The Rabari or Raika pastoralists in India are the largest nomadic group in the country, and inhabit the dryland regions in Western India - near the border with Pakistan. Unlike romantic visions of pastoralists in vast open pastures, the Rabari must navigate across a patchwork of tenure types and where resources, including water have been privatized, enclosed and are strictly regulated. They exercise their concurrent and overlapping rights by negotiating with a range of actors, in an extremely adverse hyperindustrial policy environment.
In such a shifting political economy, the question that my thesis asks is: why does pastoralist mobility continue to persist? How does it evolve in response to changing circumstances?
In researching to answer these questions, my hypothesis is that mobility is far more complex and iterative than simply an economic and livelihood strategy, and in fact the simple availability of resources in certain areas is no longer the primary determinant of mobility decisions. I believe that understanding the everyday politics of mediating relationships may help to connect how pastoralists feel, act and express with their logics of mobility.
To respond to my questions I will deploy new conceptions from the mobilities paradigm. From the mobilities turn, we have
Mobility as a constellation of relationships - mobility is not just resulting from a series of discrete drivers or factors pressing down upon individuals - but rather is an embodied web of relationships that interact with each other and the migrating body. This web of relationships not only influence mobility but in turn is influenced by it as well.

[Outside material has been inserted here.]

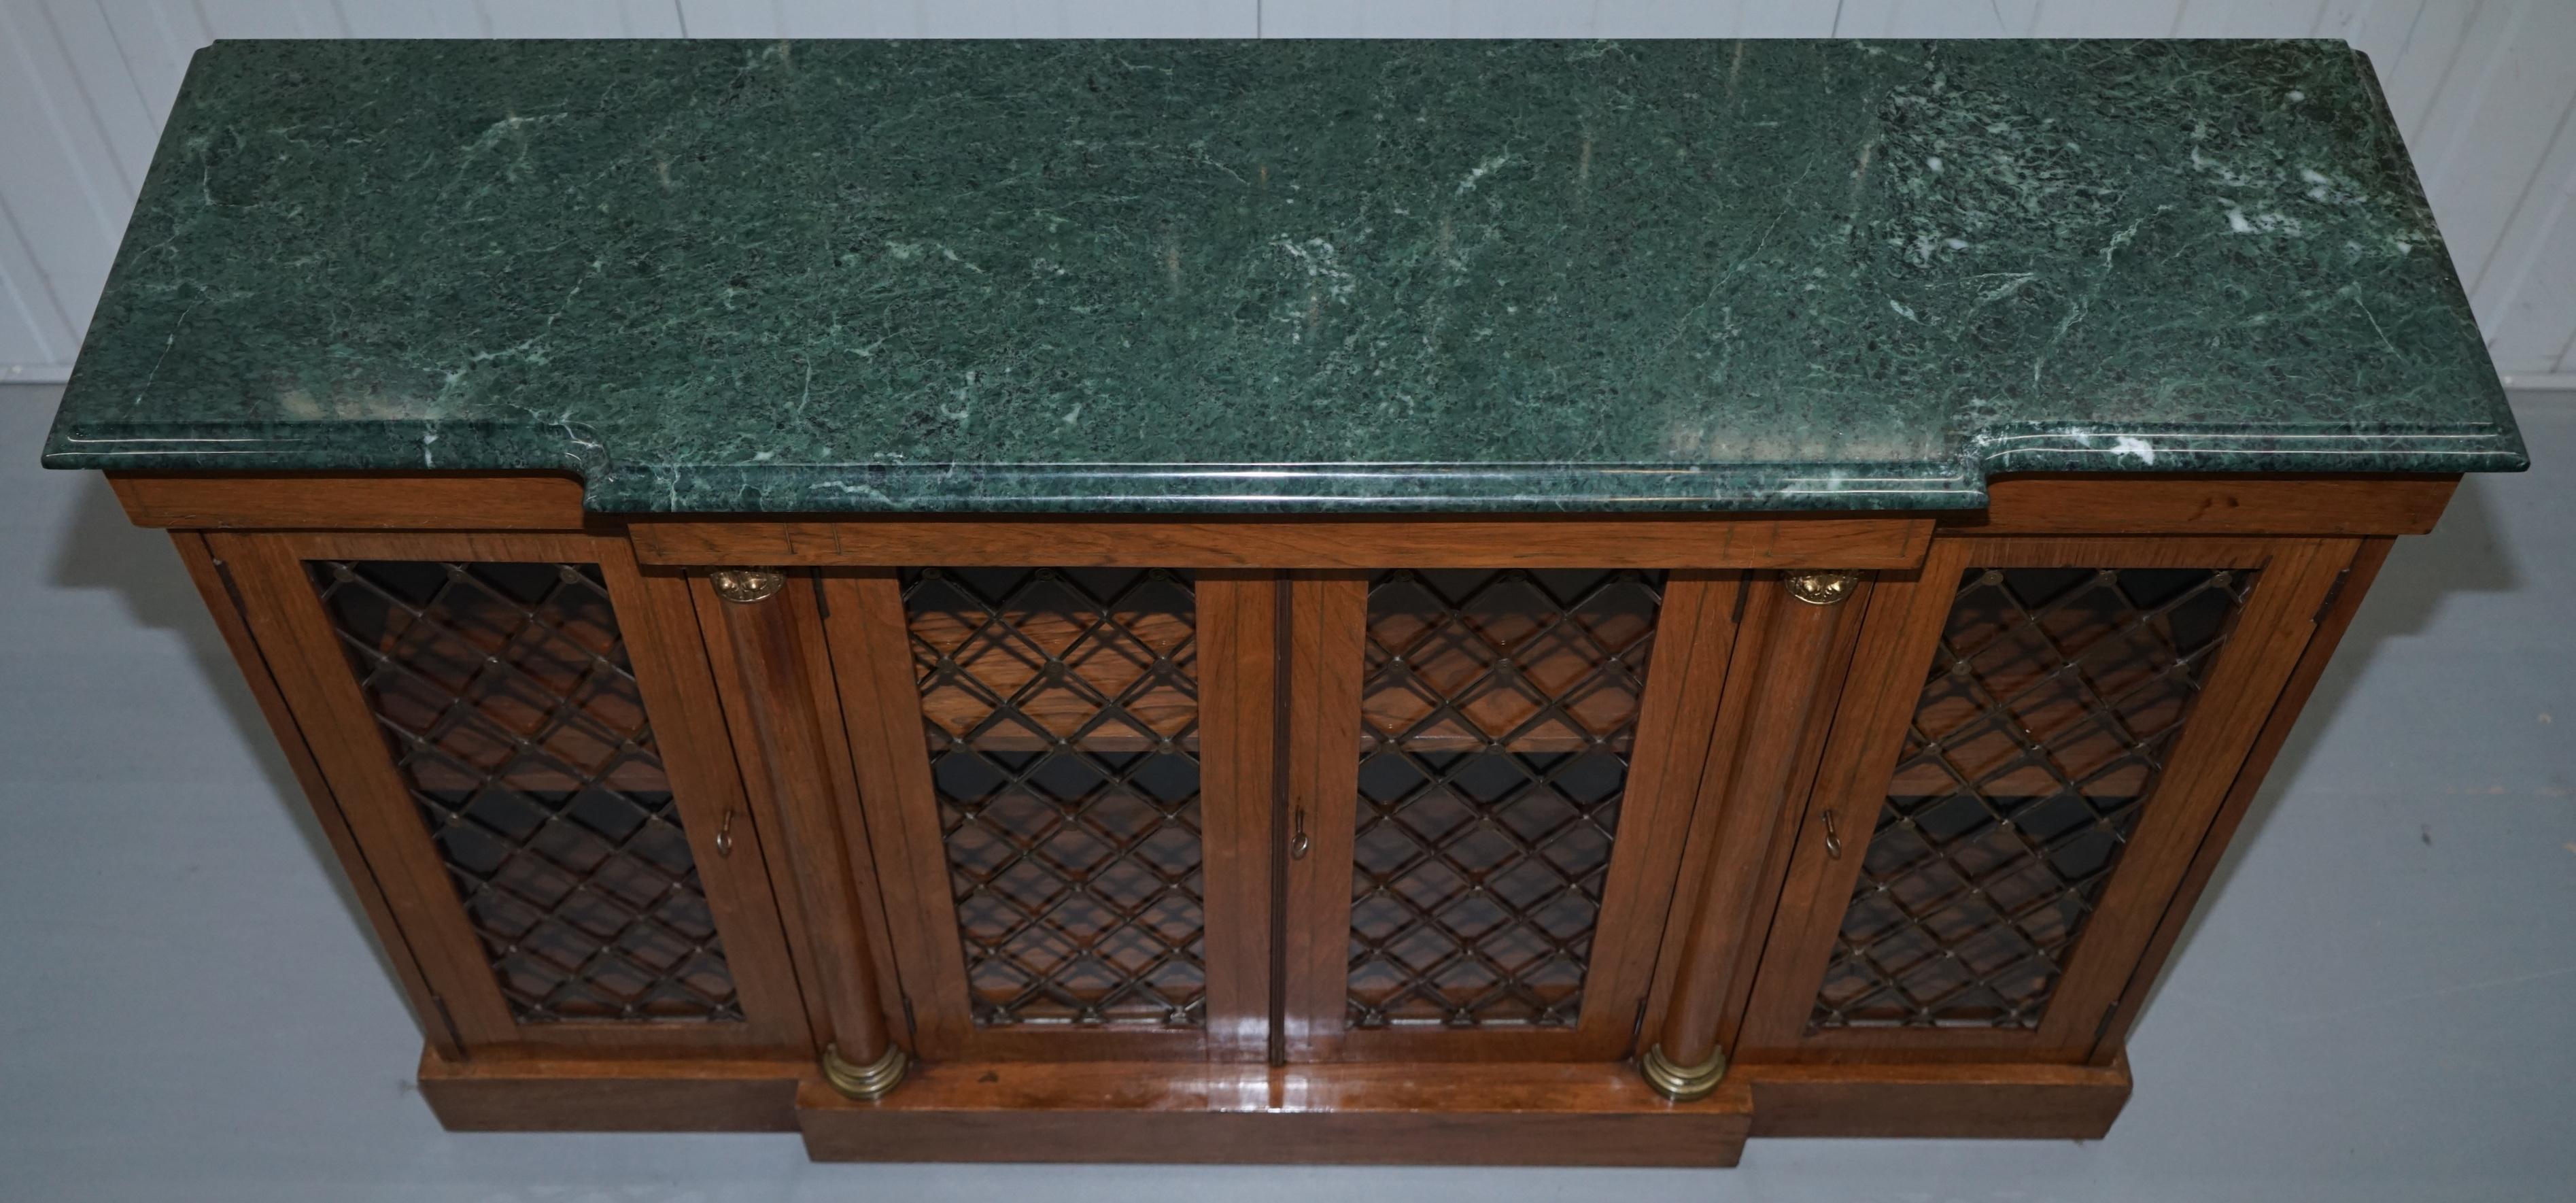 Hand-Carved Regency Redwood Jade Green Marble Top Library Bookcase Cabinet Brass Inlaid

This web of relationships is embedded in its own social and political history - so the flow of people has its own gradations, topographies of capital accumulation – underlying grid of power that determines the migrants’ position
The migration path chosen by an individual or community is reflective of a particular interaction of the web of relationships and only exists in relation to other path options – multi-local migrations – multiple temporalities of mobility – seen as a constant unfolding and state of flux rather than discrete movements
Mobility and immobility are two sides of the same coin and must be studied together. Mobility relies on moorings or immobile infrastructures - whether physical or social. This could be social networks, or certain mediating roles, whether fixed and assigned paths, or critical infrastructures.
Mobility exists not only tangibly in physical movement and perception, but also in conception, discursively and in imagination, in desire and aspiration. Mobility is an embodied experience - it involves gendered, racialized, aged bodies that encounter other bodies, objects, and the physical world multisensuously, generating emotions and forms of pleasure and pain.
While a robust theoretical frame for reconceiving mobility has been built – this epistemological advancement must be accompanied by methodological advancement. This has also been the concern of the mobilities turn who have worked to develop mobile methods
Through my study with the Rabari pastoralists, I hope to refine these concepts and methods. I recognize that it may be difficult to study all of the dimensions of mobility listed above but I believe it is important to acknowledge the multidimensional character of mobility even as one may choose to study only certain aspects. There is a danger that one may retreat into studying specific aspects as discrete and disengaged phenomena and therefore the attempt must be to have these dimensions speak to one another and the need to develop this overarching conceptual frame. Through this study I also hope to bring the study of pastoral mobility out of its niche and locate it within larger conversations about movement, mobility and migration.